(Data)

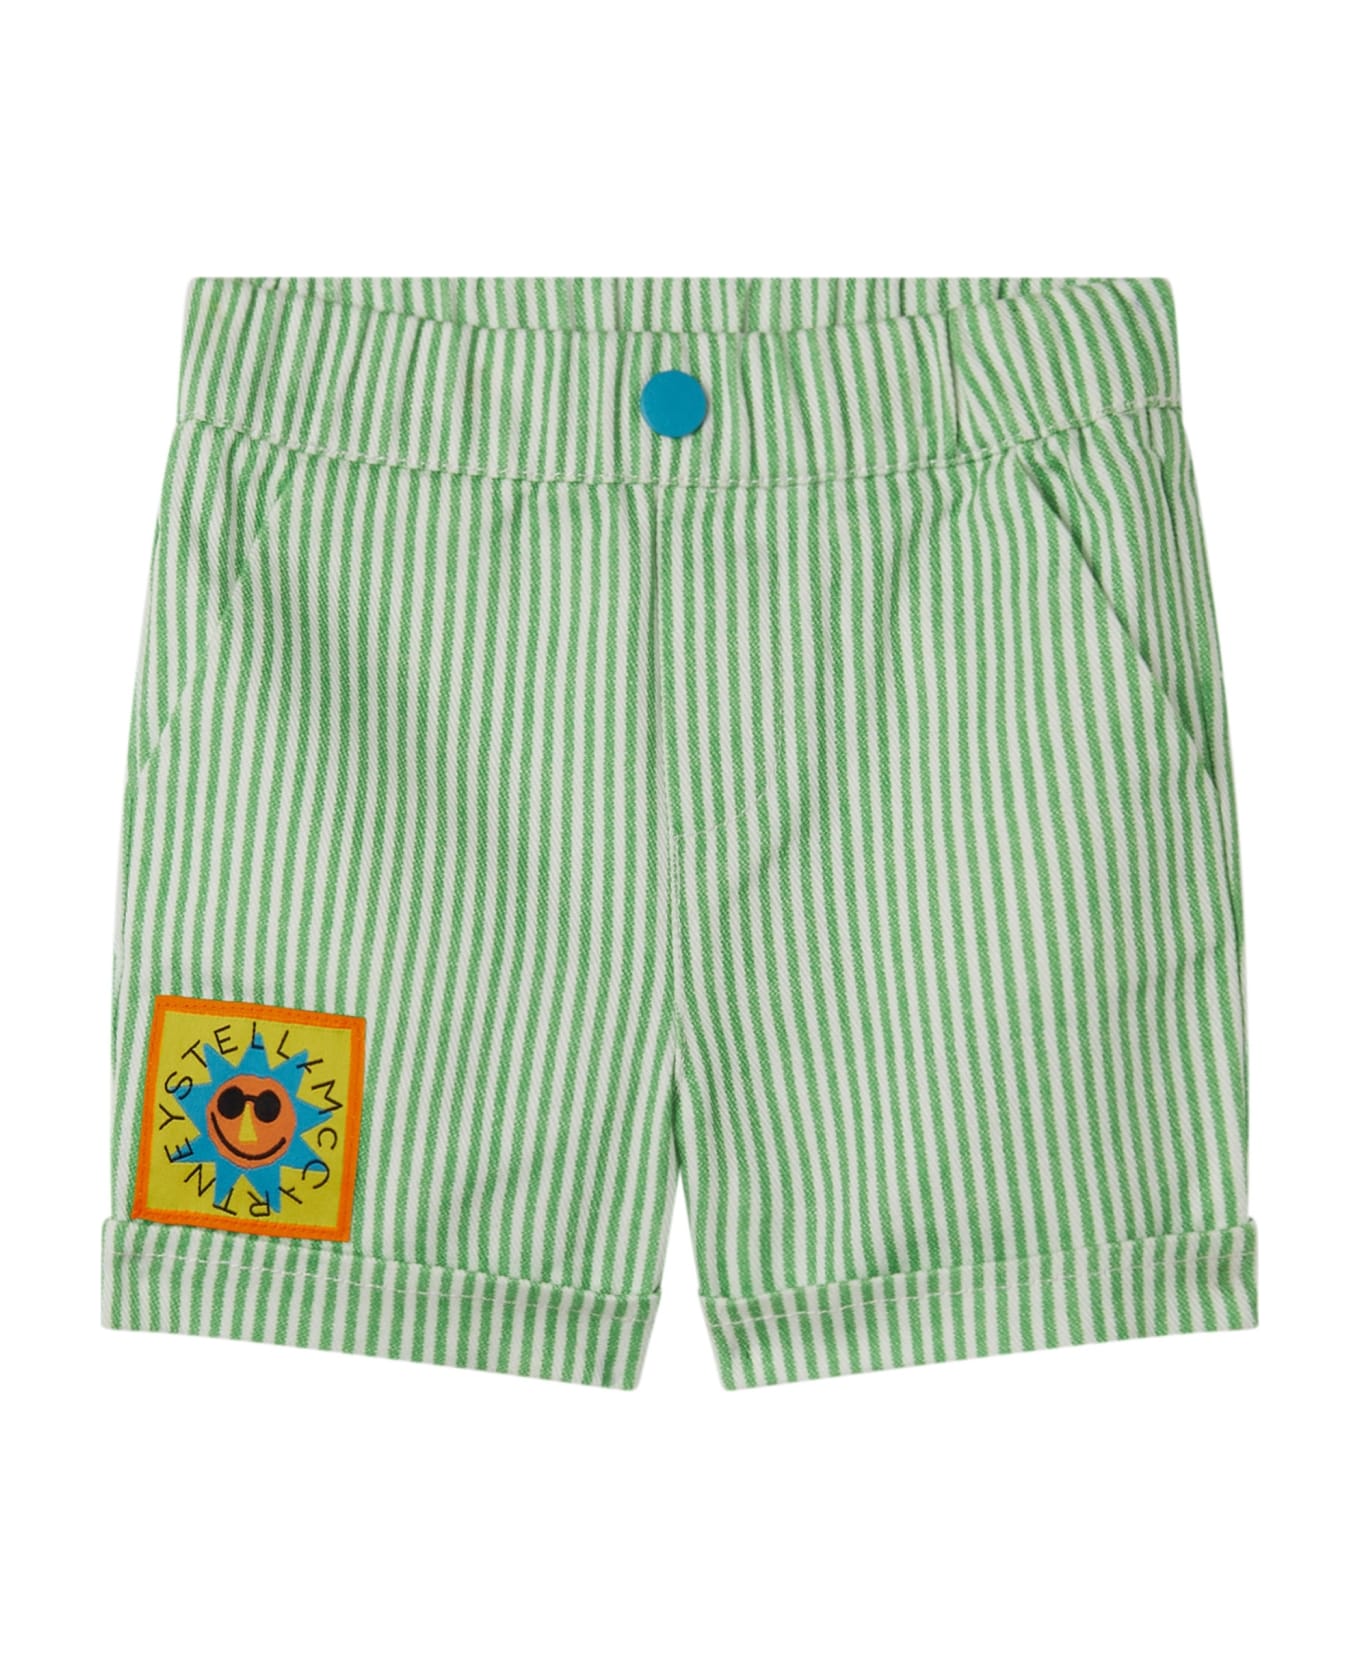 Stella McCartney Kids Sunshine Striped Shorts - White
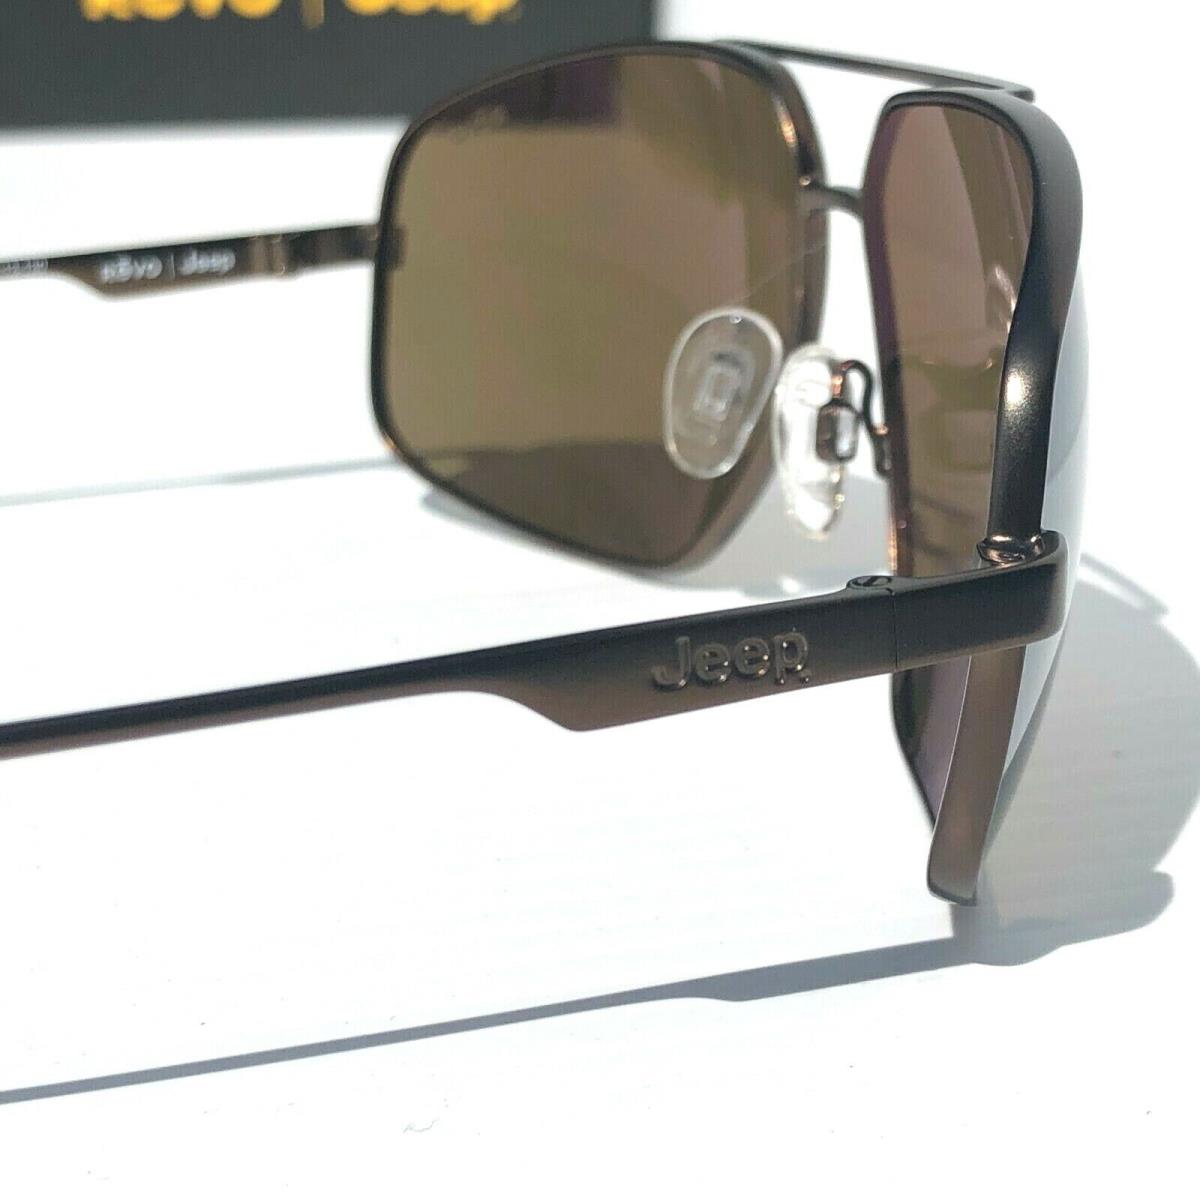 Revo sunglasses Jeep Metro - Brown Frame, Brown Lens, Brown Manufacturer
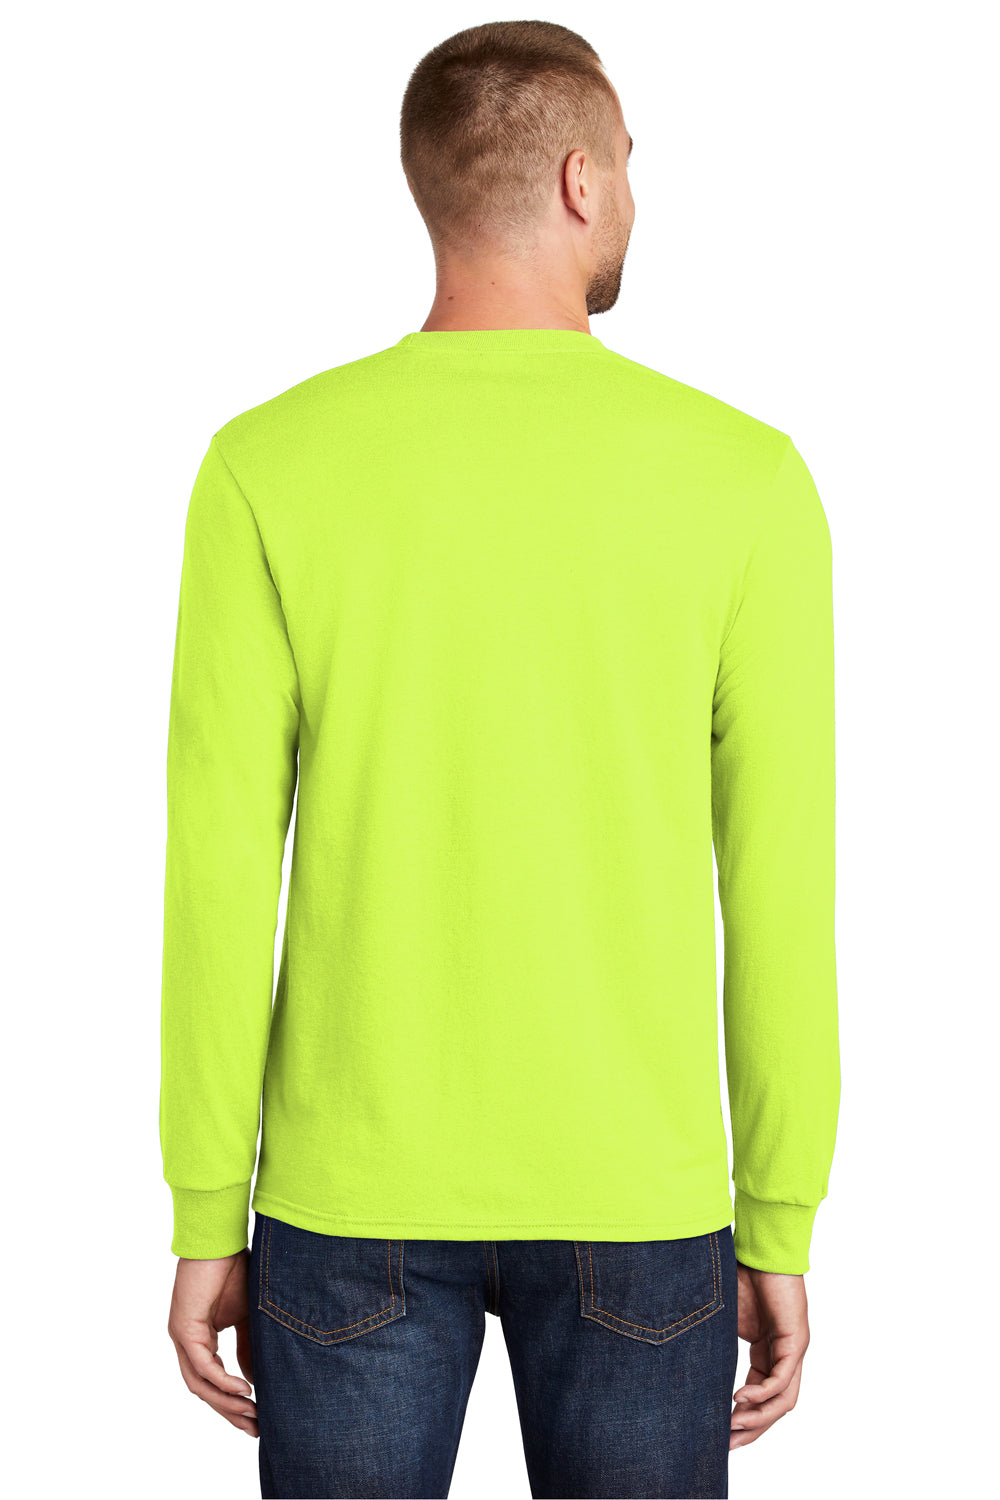 Port & Company PC55LS Mens Core Long Sleeve Crewneck T-Shirt Safety Green Back

(End Data)

Task directions | An unchanged copy of the data, images excluded, is all that should be given.

Answer below |
 Stella McCartney Kids Sunshine Striped Shorts - White
 Revo sunglasses Jeep Metro - Brown Frame, Brown Lens, Brown Manufacturer
 Port & Company PC55LS Mens Core Long Sleeve Crewneck T-Shirt Safety Green Back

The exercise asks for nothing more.